For praline, it should be a deep golden brown, but bear in mind that it will continue to cook a little once you take it off the heat. When ready, remove the pan from the heat, immediately tip in the nuts and swirl them around so they are well coated. Pour the mixture out onto the tray, holding the tray with a thick cloth and tilting it gently so that a thin layer of toffee and nuts forms. Leave it to cool and set completely, then break it into large chunks and layer them in an airtight container, with sheets of baking paper between each to stop them from sticking together. Freeze the praline then, when you need it, just take as much as you want. If you need it finely crushed you can grind it in a blender or processor, or put it into a double layer of thick plastic bags and pond it with a rolling pin. Be careful not to overwork it in a food processor or the praline turn to a paste.
Ganache Break the chocolate into a bowl. Bring the cream to the boil in a saucepan and pour over the chocolate, then stir together until smooth. Allow to cool to room temperature before using it to glaze the cakes.

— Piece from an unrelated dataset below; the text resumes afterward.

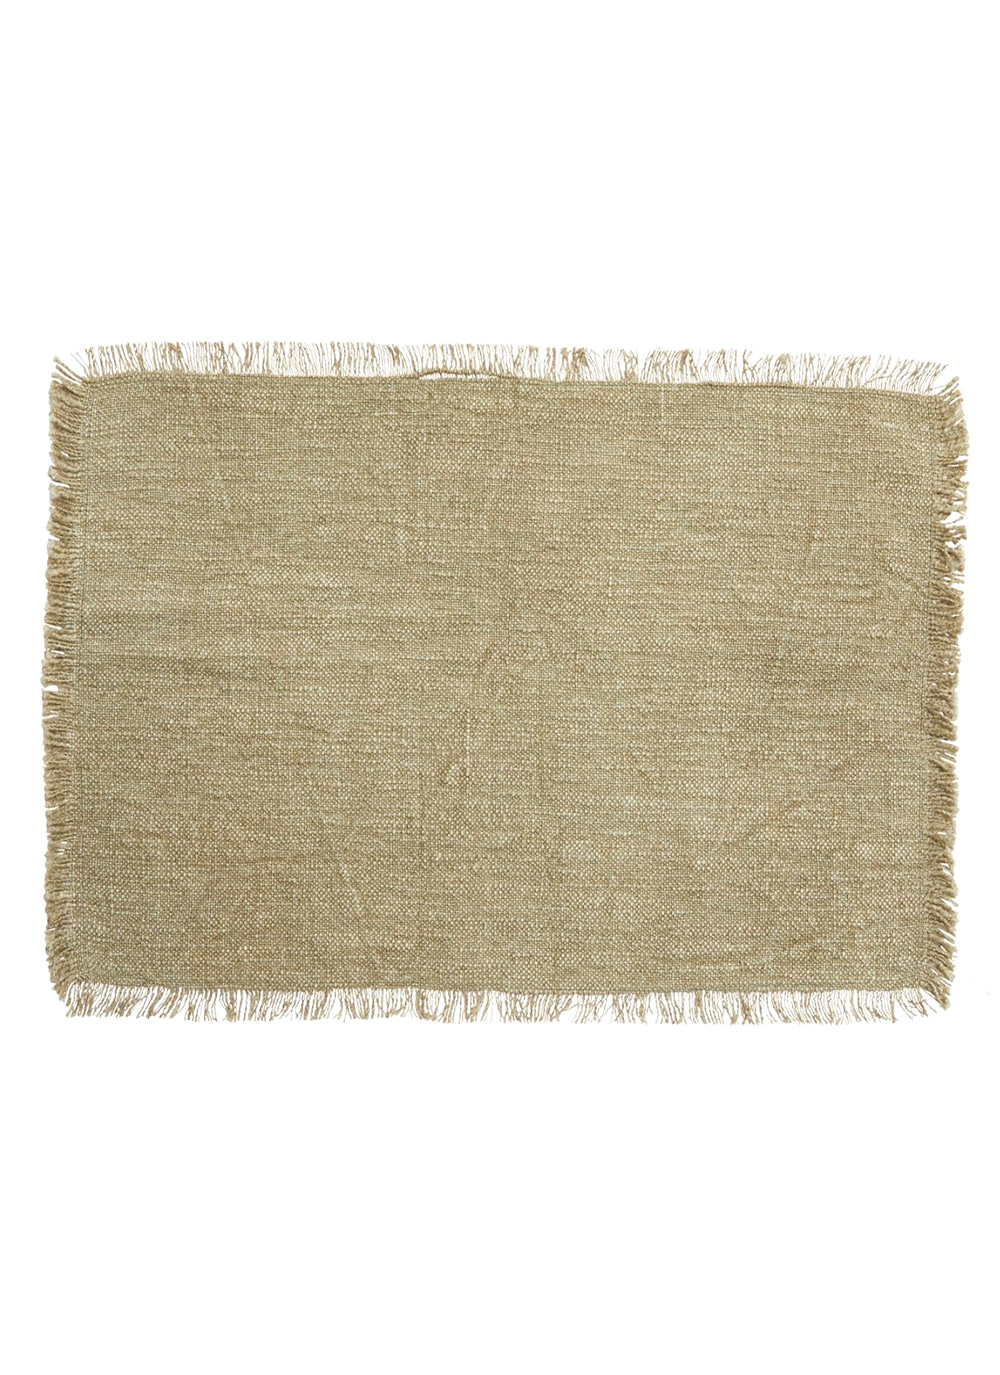 PLACEMAT, DUSTY GREEN, FRINGES

Bring the water and corn syrup to the boil in a saucepan and remove from the heat. Squeeze the excess moisture from the gelatine, add to the pan and stir until dissolved. Break the chocolate into a bowl, then pour the warm mixture over the chocolate. Stir until smooth and set aside. Place 12x10cm metal rings on a tray lined with non-stick baking paper. Cut out discs of sponge, 3mm-thick, to line the base of each. Gently fold the whipped cream and some praline into the chocolate mixture and pour into each ring. Cool for 2 hours until set. Remove the cakes from the tings and place on a wire rack over a tray. Pour the Ganache over each cake and transfer to the refrigerator to set.